## Task
Give back exactly the lines from the one that holds "Bllokues Parkingu Smart" through the final line of the data; omit the pictures and add nothing.

## Source data

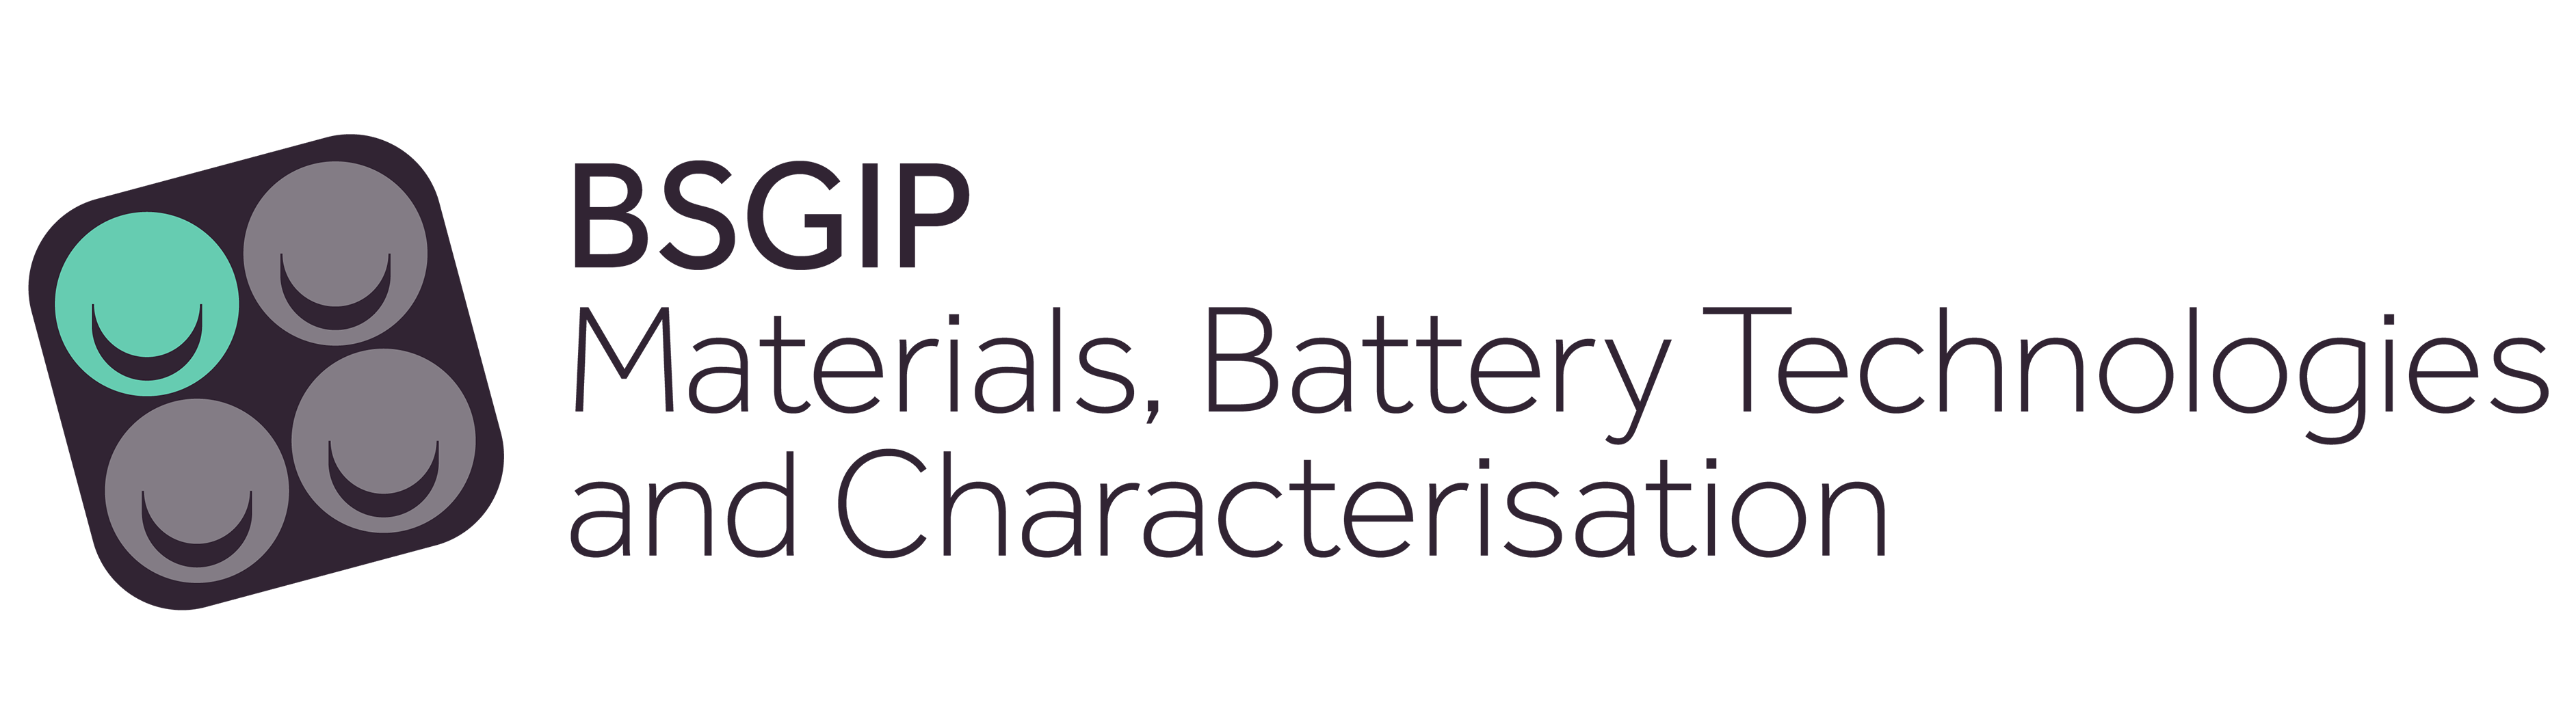 Battery Storage and Grid Integration Program Materials Logo
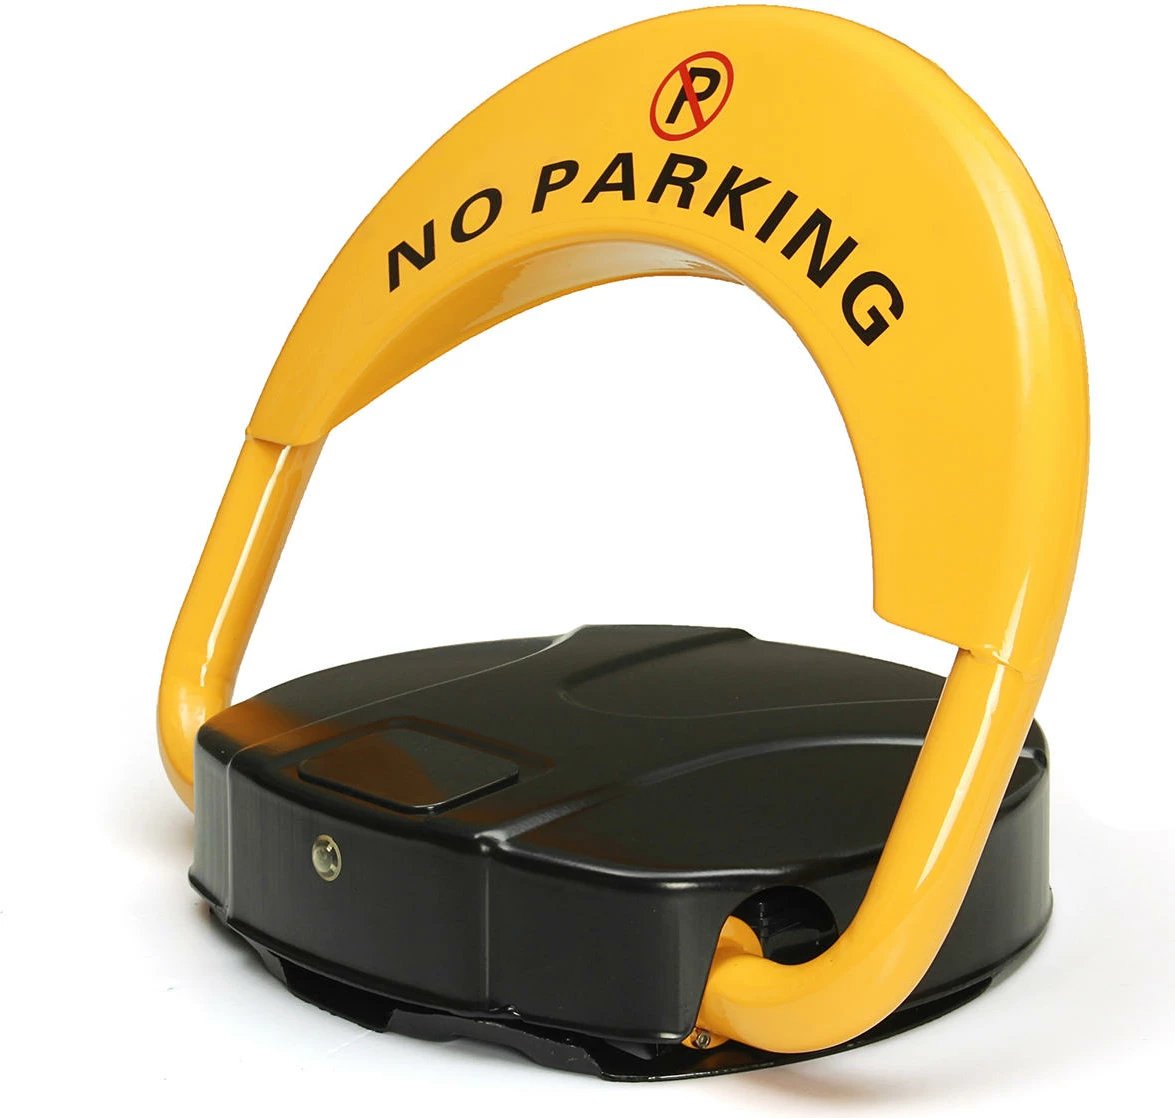 Bllokues Parkingu Smart
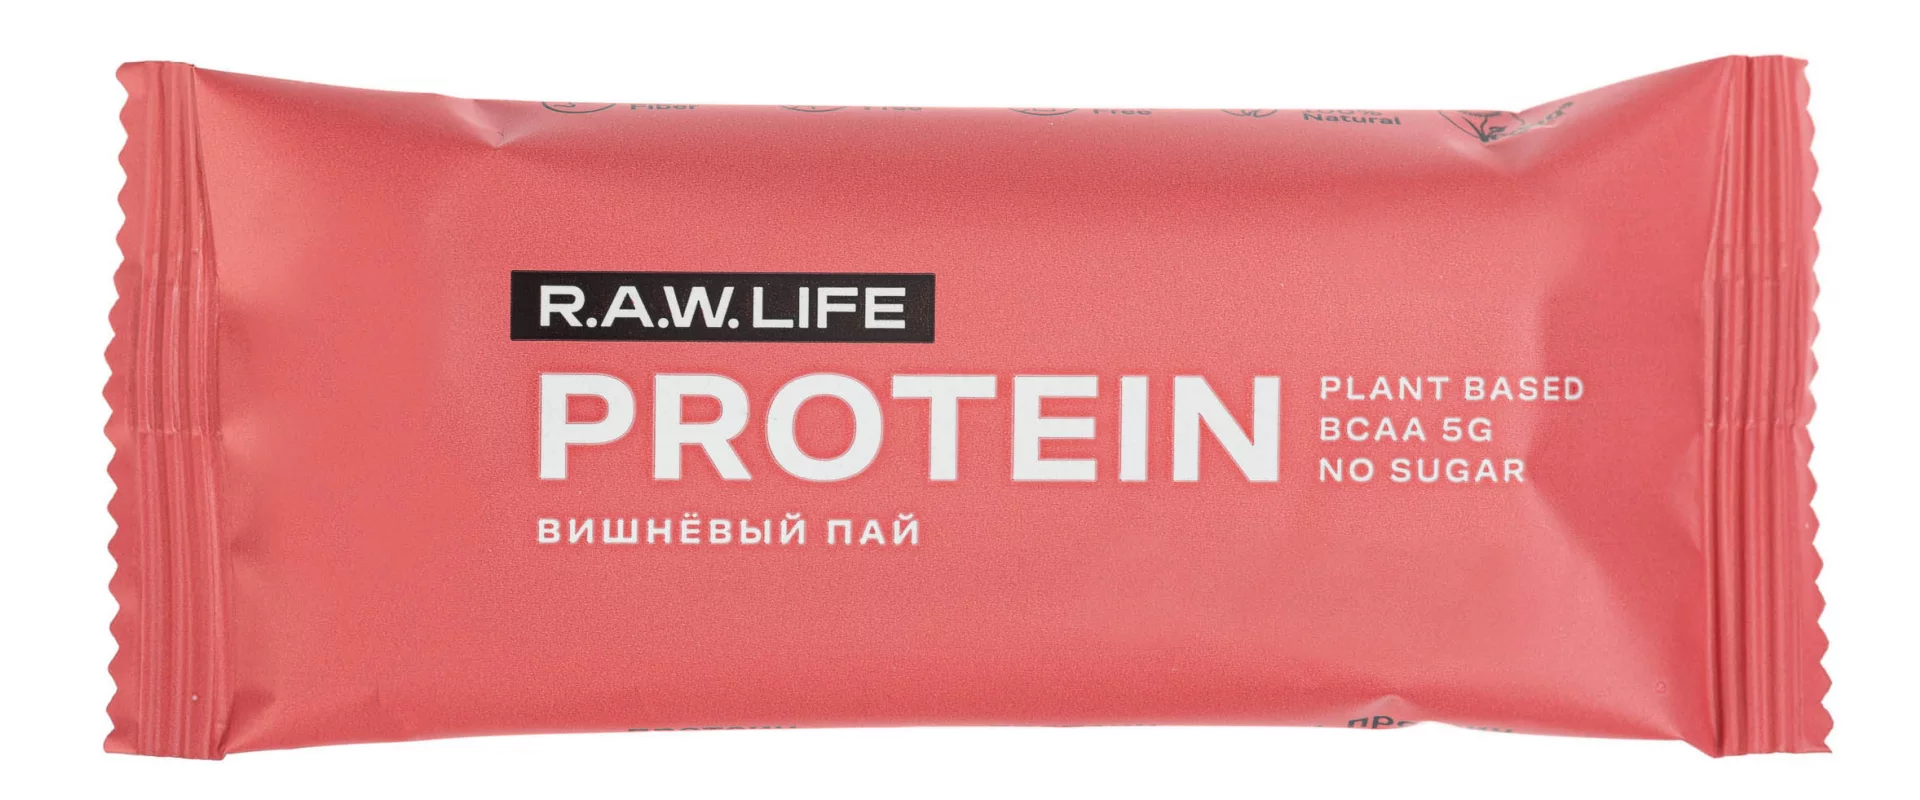 R.A.W. Life Protein Вишневый Пай 47g/ Протеиновый батончик

## Completed task
 Bllokues Parkingu Smart
 R.A.W. Life Protein Вишневый Пай 47g/ Протеиновый батончик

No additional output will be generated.